TO DO:
From the records below, pull each line that has "Bedroom".

EXTRACTED DATA:
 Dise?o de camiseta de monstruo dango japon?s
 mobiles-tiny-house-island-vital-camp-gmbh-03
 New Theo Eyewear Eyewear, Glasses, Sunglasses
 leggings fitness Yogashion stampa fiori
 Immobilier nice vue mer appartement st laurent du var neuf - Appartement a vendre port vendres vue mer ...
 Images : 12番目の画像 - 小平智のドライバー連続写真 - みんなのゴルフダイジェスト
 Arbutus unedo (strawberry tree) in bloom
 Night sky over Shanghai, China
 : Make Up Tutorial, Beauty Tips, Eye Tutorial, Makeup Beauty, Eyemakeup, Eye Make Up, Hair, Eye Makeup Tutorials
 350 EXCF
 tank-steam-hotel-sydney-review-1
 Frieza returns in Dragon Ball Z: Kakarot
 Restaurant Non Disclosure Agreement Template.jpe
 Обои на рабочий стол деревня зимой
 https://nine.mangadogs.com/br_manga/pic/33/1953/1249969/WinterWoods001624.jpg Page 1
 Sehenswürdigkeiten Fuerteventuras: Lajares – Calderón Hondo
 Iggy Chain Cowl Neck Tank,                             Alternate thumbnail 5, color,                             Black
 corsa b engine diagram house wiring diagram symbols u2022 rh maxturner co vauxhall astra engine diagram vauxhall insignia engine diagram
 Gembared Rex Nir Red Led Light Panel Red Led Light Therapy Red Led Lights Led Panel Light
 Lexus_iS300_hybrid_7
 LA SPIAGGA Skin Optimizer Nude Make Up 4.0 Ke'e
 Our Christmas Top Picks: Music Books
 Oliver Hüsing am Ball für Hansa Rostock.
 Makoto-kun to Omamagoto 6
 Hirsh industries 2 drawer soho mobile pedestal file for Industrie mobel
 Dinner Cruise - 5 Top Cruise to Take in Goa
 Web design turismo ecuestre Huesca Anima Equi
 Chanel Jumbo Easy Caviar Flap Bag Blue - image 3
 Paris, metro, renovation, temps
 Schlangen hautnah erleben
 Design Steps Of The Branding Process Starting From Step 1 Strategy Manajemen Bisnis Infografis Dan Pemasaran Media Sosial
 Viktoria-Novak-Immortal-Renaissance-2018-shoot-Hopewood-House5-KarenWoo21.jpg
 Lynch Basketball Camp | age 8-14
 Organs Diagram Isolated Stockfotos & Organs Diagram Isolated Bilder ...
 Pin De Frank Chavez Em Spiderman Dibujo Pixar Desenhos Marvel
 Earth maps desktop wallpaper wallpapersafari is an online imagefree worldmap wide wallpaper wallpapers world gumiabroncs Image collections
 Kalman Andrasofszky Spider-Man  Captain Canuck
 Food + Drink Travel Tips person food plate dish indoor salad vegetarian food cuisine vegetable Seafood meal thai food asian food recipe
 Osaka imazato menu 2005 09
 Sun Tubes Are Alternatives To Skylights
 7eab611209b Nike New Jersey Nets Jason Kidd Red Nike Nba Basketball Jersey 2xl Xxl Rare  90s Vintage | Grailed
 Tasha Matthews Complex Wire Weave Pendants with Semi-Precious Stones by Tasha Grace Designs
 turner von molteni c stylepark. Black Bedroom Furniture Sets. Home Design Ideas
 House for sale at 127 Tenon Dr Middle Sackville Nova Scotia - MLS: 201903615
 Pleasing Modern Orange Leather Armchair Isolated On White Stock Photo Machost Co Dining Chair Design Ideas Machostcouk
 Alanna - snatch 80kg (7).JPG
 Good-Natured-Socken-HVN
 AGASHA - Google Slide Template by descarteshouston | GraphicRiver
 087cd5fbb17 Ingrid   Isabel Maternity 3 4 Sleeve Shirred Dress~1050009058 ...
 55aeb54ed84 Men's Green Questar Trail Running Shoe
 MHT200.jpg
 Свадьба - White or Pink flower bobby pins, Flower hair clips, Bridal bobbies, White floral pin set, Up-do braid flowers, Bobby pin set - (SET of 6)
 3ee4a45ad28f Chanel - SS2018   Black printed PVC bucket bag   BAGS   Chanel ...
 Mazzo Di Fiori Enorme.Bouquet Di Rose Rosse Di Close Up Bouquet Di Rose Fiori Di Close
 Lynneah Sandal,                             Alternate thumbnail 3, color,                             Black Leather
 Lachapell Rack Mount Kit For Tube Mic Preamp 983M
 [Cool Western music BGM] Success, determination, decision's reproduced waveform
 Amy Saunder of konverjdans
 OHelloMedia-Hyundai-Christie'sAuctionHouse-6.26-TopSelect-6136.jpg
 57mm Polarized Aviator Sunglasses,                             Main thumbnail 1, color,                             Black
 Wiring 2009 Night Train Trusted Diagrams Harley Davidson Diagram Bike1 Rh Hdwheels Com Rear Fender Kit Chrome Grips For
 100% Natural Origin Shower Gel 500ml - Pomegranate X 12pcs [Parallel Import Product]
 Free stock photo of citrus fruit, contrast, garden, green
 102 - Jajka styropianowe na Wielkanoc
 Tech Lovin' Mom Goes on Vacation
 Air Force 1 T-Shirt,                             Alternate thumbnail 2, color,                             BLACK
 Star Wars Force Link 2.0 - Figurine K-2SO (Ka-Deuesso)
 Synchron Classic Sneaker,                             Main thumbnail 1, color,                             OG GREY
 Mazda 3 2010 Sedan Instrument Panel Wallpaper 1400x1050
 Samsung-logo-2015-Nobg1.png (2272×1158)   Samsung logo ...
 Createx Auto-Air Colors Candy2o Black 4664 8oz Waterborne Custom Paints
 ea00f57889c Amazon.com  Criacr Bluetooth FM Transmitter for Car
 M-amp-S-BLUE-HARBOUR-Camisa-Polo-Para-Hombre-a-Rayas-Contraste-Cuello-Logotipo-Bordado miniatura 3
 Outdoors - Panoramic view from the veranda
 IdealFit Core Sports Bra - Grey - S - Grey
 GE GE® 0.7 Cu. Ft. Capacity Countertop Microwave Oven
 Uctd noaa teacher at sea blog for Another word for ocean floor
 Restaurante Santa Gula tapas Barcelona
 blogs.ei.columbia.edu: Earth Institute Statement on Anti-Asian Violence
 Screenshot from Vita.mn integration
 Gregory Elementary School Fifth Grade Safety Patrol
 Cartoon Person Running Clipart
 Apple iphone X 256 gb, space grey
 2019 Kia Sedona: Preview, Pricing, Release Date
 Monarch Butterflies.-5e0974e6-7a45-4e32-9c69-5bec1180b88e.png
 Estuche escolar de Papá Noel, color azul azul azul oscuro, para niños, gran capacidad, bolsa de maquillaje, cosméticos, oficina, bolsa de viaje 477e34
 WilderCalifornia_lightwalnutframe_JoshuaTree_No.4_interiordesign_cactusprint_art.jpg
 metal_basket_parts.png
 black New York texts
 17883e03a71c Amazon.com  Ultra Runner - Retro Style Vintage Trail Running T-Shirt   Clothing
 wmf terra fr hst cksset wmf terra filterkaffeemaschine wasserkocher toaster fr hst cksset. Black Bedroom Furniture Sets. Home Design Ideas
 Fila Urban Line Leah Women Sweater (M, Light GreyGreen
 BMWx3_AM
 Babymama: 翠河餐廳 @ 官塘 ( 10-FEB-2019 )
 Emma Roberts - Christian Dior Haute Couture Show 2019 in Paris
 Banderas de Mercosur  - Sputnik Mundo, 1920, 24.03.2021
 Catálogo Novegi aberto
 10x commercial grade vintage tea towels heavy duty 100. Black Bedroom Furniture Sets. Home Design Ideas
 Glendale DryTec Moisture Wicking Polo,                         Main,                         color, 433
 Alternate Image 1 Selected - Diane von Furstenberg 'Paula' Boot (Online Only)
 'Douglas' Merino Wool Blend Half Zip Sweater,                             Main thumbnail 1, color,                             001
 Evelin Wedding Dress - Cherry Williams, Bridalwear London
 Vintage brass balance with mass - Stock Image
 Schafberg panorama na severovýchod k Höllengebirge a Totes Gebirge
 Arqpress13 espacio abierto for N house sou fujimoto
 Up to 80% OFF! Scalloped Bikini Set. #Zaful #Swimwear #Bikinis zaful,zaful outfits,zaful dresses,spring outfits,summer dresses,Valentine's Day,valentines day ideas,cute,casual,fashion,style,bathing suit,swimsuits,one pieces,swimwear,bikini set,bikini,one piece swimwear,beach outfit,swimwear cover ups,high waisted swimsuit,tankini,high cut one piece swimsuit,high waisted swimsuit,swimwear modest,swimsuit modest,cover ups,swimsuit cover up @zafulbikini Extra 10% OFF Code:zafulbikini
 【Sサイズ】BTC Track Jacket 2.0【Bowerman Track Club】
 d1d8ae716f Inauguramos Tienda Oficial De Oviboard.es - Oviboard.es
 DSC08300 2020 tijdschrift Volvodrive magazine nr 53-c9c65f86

TASK OUTPUT:
 turner von molteni c stylepark. Black Bedroom Furniture Sets. Home Design Ideas
 wmf terra fr hst cksset wmf terra filterkaffeemaschine wasserkocher toaster fr hst cksset. Black Bedroom Furniture Sets. Home Design Ideas
 10x commercial grade vintage tea towels heavy duty 100. Black Bedroom Furniture Sets. Home Design Ideas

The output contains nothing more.